I cloned a project from github which is NVlabs/wetectron.
And I follow the instruction to set the environment.
The ninja version is 1.10.2.3
conda version is 4.4.10
I use the following commend to download pytorch: conda install pytorch torchvision torchaudio cudatoolkit=10.2 -c pytorch
so I got pytorch-1.11.0 and cuda-10.2
And then I clone the apex from nvidia, things still work pretty well now
and when I install the ninja with symbolic links
Failed occur:
fatal error: THC/THC.h: No such file or directory
and another error is
I search in google but I didn’t found anything useful.
I am not sure about it was caused by version or I can just simply download the file and paste it somewhere
Really appreciate for your help, but I think the problem is not caused by apex. I removed the conda environment and clone the apex using git clone GitHub - NVIDIA/apex: A PyTorch Extension: Tools for easy mixed precision and distributed training in Pytorch
and install it follow the commend as follow: pip install -v --disable-pip-version-check --no-cache-dir --global-option="–cpp_ext" --global-option="–cuda_ext" ./
The error is still the same, but I found that, it is some csrc/cuda/***.cu file couldn’t find the THC, for example :SigmoidFocalLoss_cuda.cu deform_pool_cuda.cu ROIPool_cuda.cu. Maybe I can find a newer version of these function somewhere? Or any advice I can solve if.
I might have misunderstood the issue as I thought you are running into the building error in apex.
Based on the function names, it seems you are trying to build maskrcnn_benchmark, which still uses the deprecated import here so you might either want to update it or skip its build.
Thank you for your help, I think I have solve the problem. It is caused by version of torch and cudatool. I reinstall pytorch for many times from 1.01 to 1.4 to 1.6 and the project can work now. Besides, I wonder why when I use conda commend to install pytorch and I get the cpu only version.
You could check which deprecated TH(C) methods are currently used in the code base and migrate them to the new ATen API. I would guess that the majority of actual function names should be equal but in a new namespace now (or without the TH tag in their name).
Im trying to compile a convolutional layer repository named “DCNv2” and have the same problem.
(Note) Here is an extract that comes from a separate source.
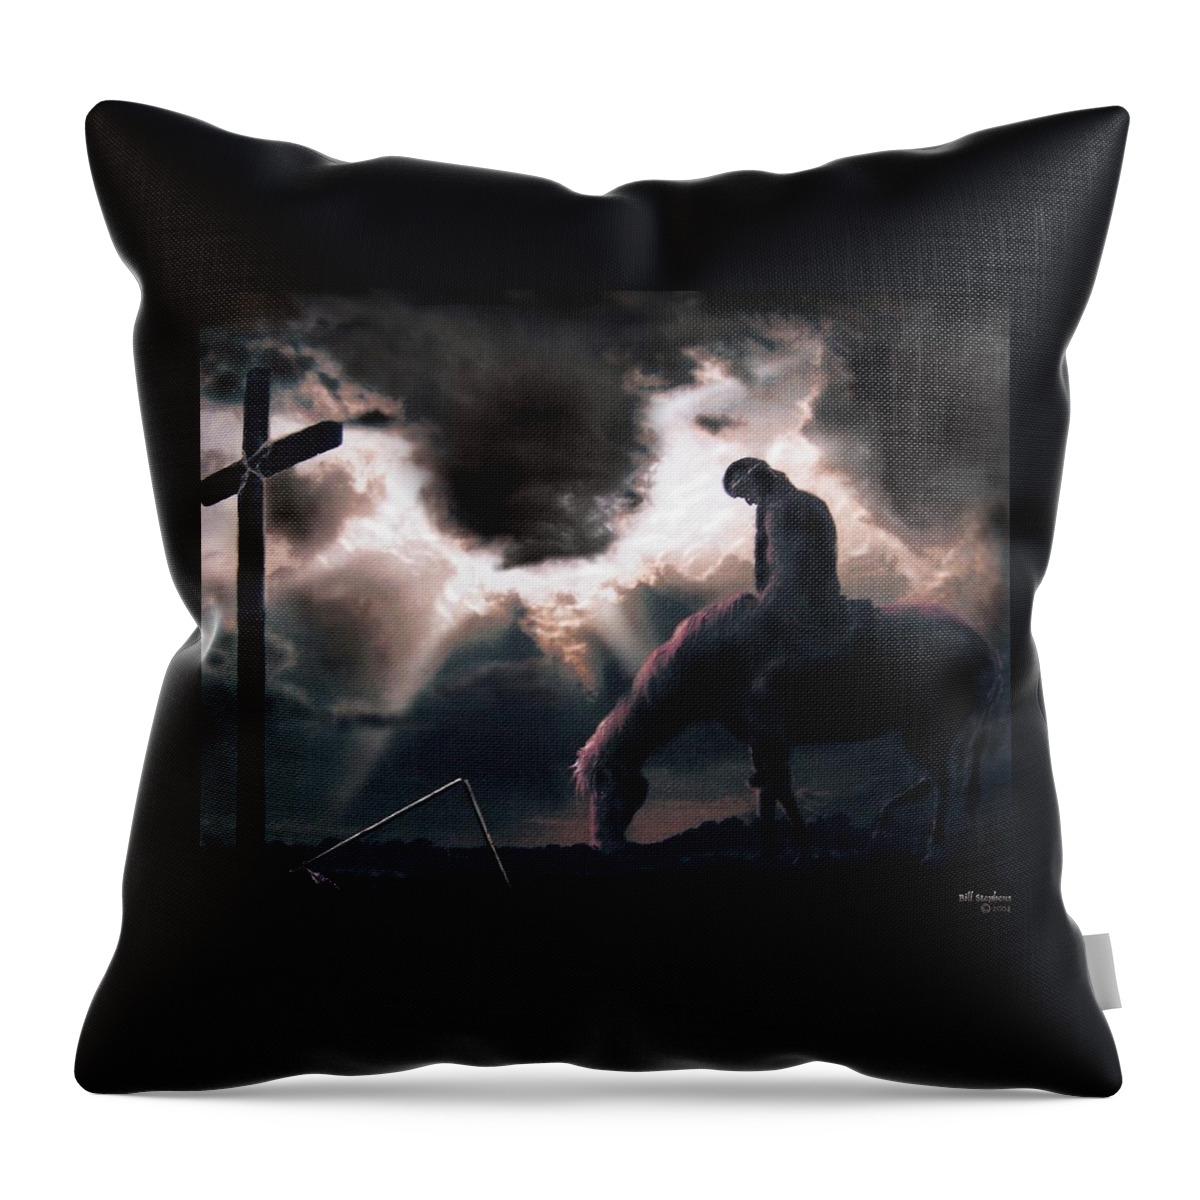 Horses Throw Pillow featuring the digital art The Final Battle by Bill Stephens

I have installed CUDA 11.3 (docker image) and pytorch 1.12 and i have tried many things but any of them can solve it. I cant use another pytorch version because my gpu driver isnt compatible with cuda 11.6 (the other option for downloading pytorch) and my gpu isnt compatible with higher driver versions. I have tried to update ATen version but i havent found a higher version. I would appreciate any help. Thanks in advance.
PyTorch is compatible for all CUDA versions >= 10.2 at the moment, so you can pick whichever version would work for you.
As already described, the TH/THC namespace is deprecated and functions from it were moved to the ATen namespace. To fix build issues, check which TH(C) methods are used in the repository you are trying to build and move them to the new ATen calls.
Hi @ptrblck, thank you for the quick response! I have also figured out a solution from this post. I do have another general question about how to find out which ATen calls are for which TH(C) calls? Are there more guidance or tutorial?
Often the function name is the same and the namespace was just moved so you could remove the TH(C) from the operation and search for this op in the source code. If that doesn’t give you any matches, search for the TH(C) method and try to find the commit which moved it. I don’t think there is any mapping or so of all moved functions.